Tel a été le cas en cas de :

  • défaut d’information sur la convention collective ( soc., 17 mai 2016, n° 14-21.872) ;
  • d’illicéité de la clause de non-concurrence ( soc., 25 mai 2016, n° 14-20.578) ;
  • défaut de remise ou de remise tardive des documents nécessaires à la détermination exacte des droits du salarié ( soc., 13 avr. 2016, n°14-28.293 ; 16 juin 2016, n° 15- 15982) ;
  • d’inobservation de la procédure de licenciement ( soc., 30 juin 2016, n° 15-16.066).
  • défaut d’organisation d’une visite médicale par l’employeur ( soc., 27 juin 2018, n°17-15.438) ;
  • d’absence d’établissement du document unique d’évaluation des risques ( soc., 25 septembre 2019,  n°17-22.224) ;
  • d’inobservation des règles relatives à l’ordre des licenciements ( soc., 26 février 2020, n°17-18.136, n°17-18.137, n°17-18.139) ;
  • défaut d’organisation d’élections partielles ( soc., 4 novembre 2020, n°19-12.775).

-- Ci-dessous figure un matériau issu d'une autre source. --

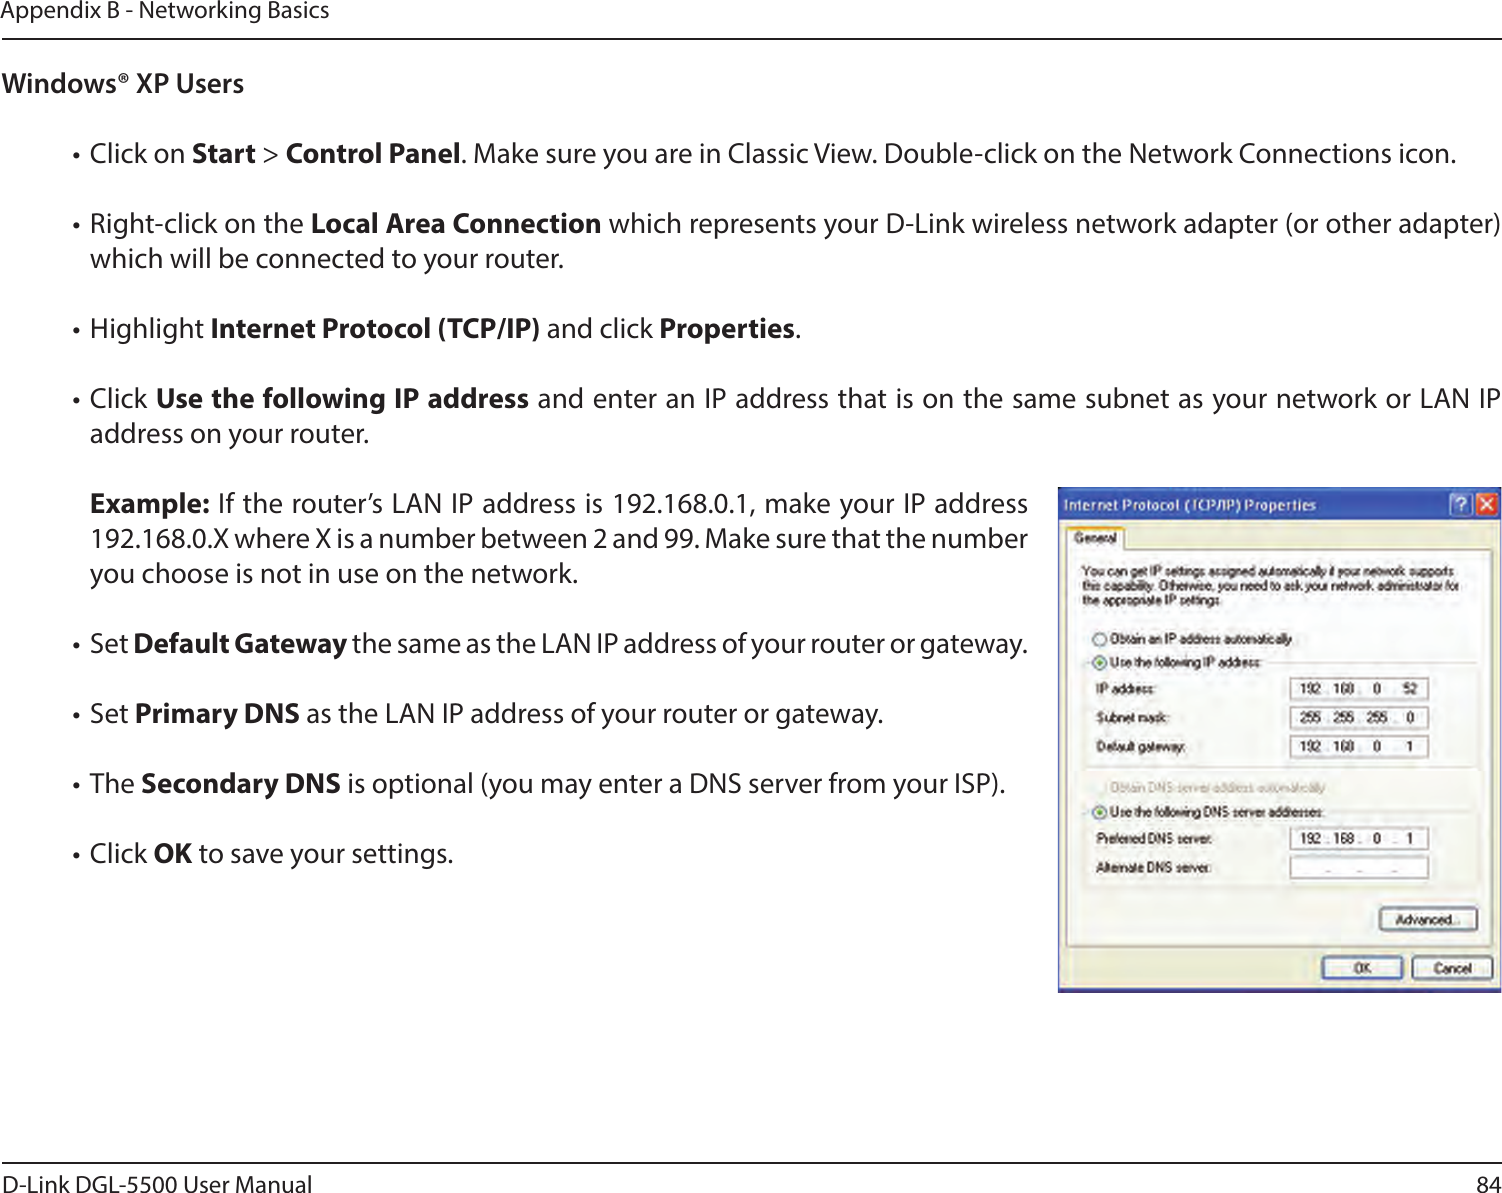 84D-Link DGL-5500 User ManualAppendix B - Networking BasicsWindows® XP Users• Click on Start &gt; Control Panel. Make sure you are in Classic View. Double-click on the Network Connections icon. • Right-click on the Local Area Connection which represents your D-Link wireless network adapter (or other adapter) which will be connected to your router.• Highlight Internet Protocol (TCP/IP) and click Properties.• Click Use the following IP address and enter an IP address that is on the same subnet as your network or LAN IP address on your router. Example: If the router’s LAN IP address is 192.168.0.1, make your IP address 192.168.0.X where X is a number between 2 and 99. Make sure that the number you choose is not in use on the network. • Set Default Gateway the same as the LAN IP address of your router or gateway.• Set Primary DNS as the LAN IP address of your router or gateway. • The Secondary DNS is optional (you may enter a DNS server from your ISP).• Click OK to save your settings.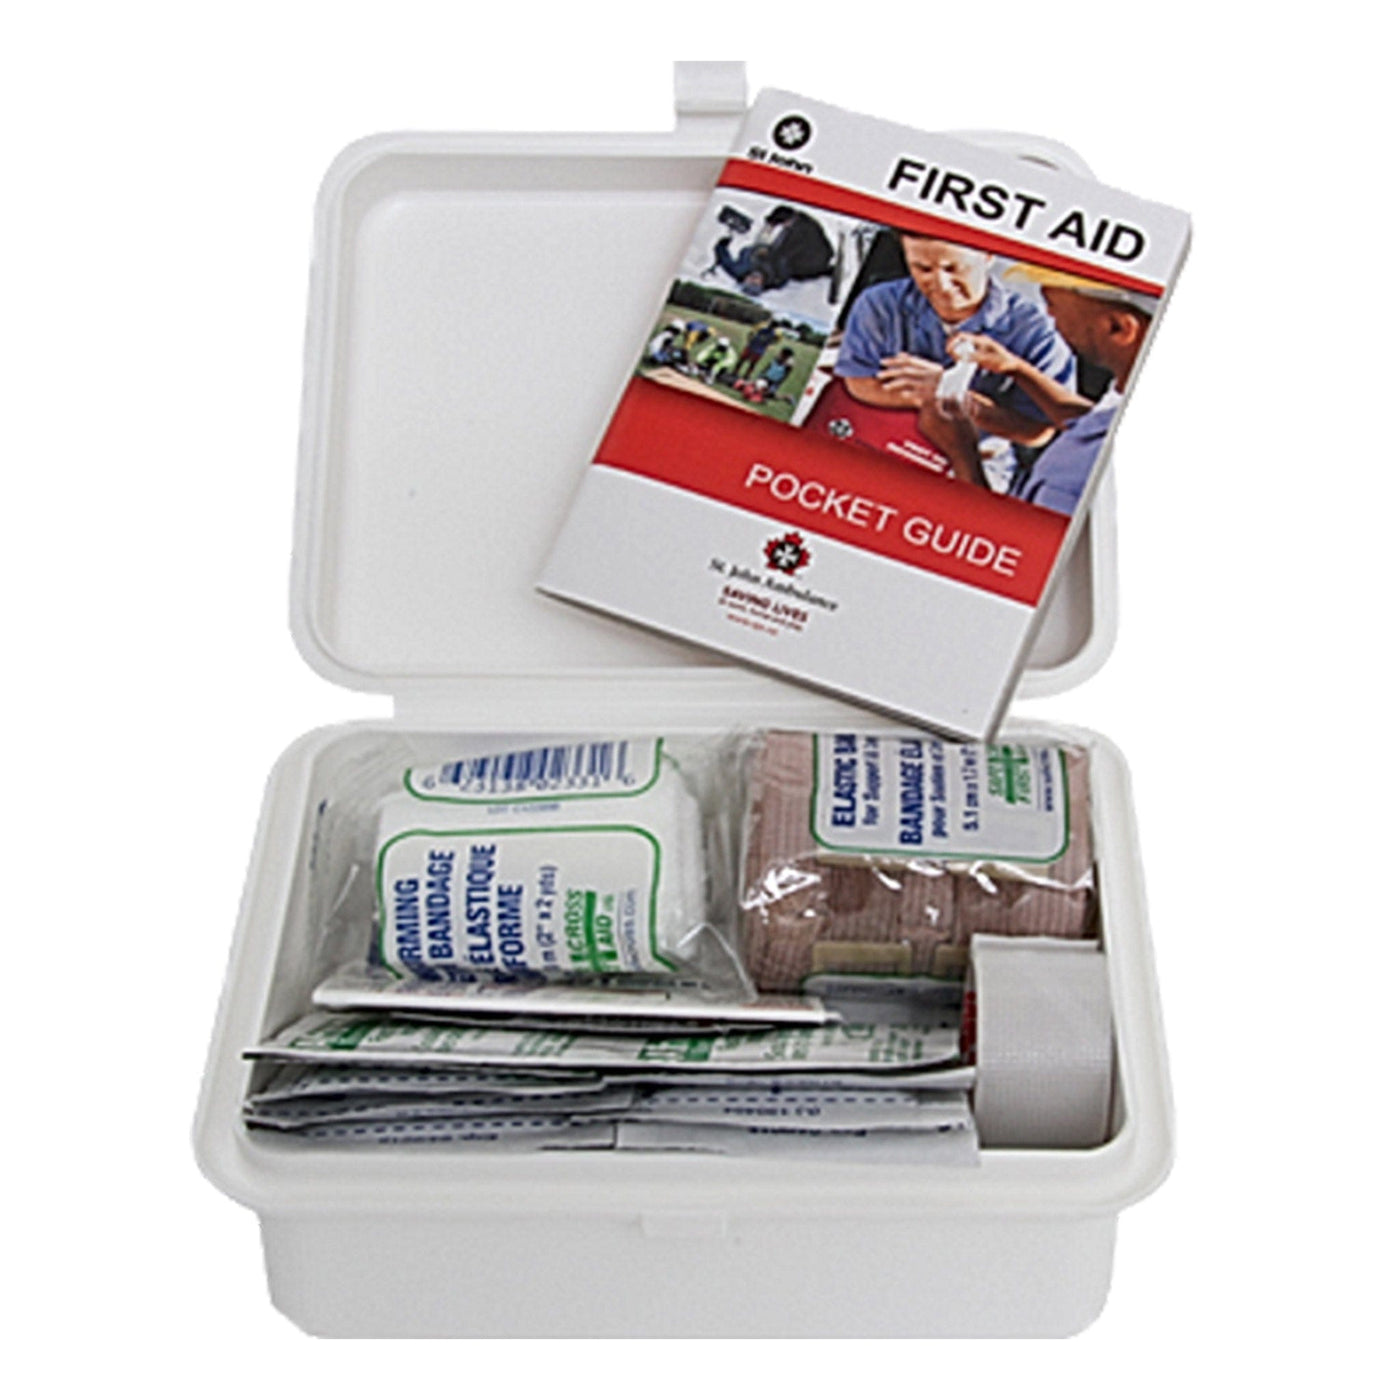 Fox 40 Micro First Aid Kit - The Hockey Shop Source For Sports

  • Le retour de la théorie du préjudice nécessaire pour certains manquements graves, confirmé par cette décision du 27 septembre 2023

Cependant, paradoxalement, la Cour de cassation a régulièrement rendu des arrêts inverses faisant référence à la théorie du « préjudice nécessaire », par exception, lorsque :

  • le salarié perd de façon injustifiée son emploi ( soc. 13 septembre 2017 n° 16-13.578 FP-PBRI)
  • l’employeur n’a pas mis en place d’institutions représentatives du personnel ou n’a pas accompli les diligences nécessaires à leur mise en place, dans le cadre d’une procédure de licenciement économique ( soc. 17 octobre 2018 n° 17-14.392 FS-PB)
  • la durée maximale hebdomadaire de travail est constatée (Cass. Soc. 26 janvier 2022, n°20-21.636 FS-B)
  • le repos journalier et hebdomadaire n’est pas respecté ( Soc. 14 décembre 2022, n°21-21.411 F-D)
  • il est constaté un dépassement de la durée maximale quotidienne du travail ( Soc. 11 mai 2023, n°21-22.281 FS-B)

Ainsi, le 27 septembre 2023, lorsqu’elle censure la Cour d’appel qui déboute le salarié de sa demande en paiement de dommages-intérêts pour non-respect de la durée maximale hebdomadaire de travail de nuit, sans constater que l’employeur justifiait l’avoir respectée ; cela revient à considérer que le dépassement de la durée maximale hebdomadaire de travail de nuit ouvre droit automatiquement à réparation du préjudice. (Cass. soc., 27 sept. 2023, n°  21-24.782 , F-B)

En synthèse, un principe semble se dégager, celui du retour de la théorie du préjudice nécessaire, principalement en cas de violation de règles européennes sur le temps de travail, qui ouvre donc droit, à elle-seule, à réparation.

Une porte largement ouverte à toutes les dérives financières.

En revanche, la Cour de cassation ne semble pas revenir sur l’abandon de cette théorie pour des manquements moins graves de l’employeur.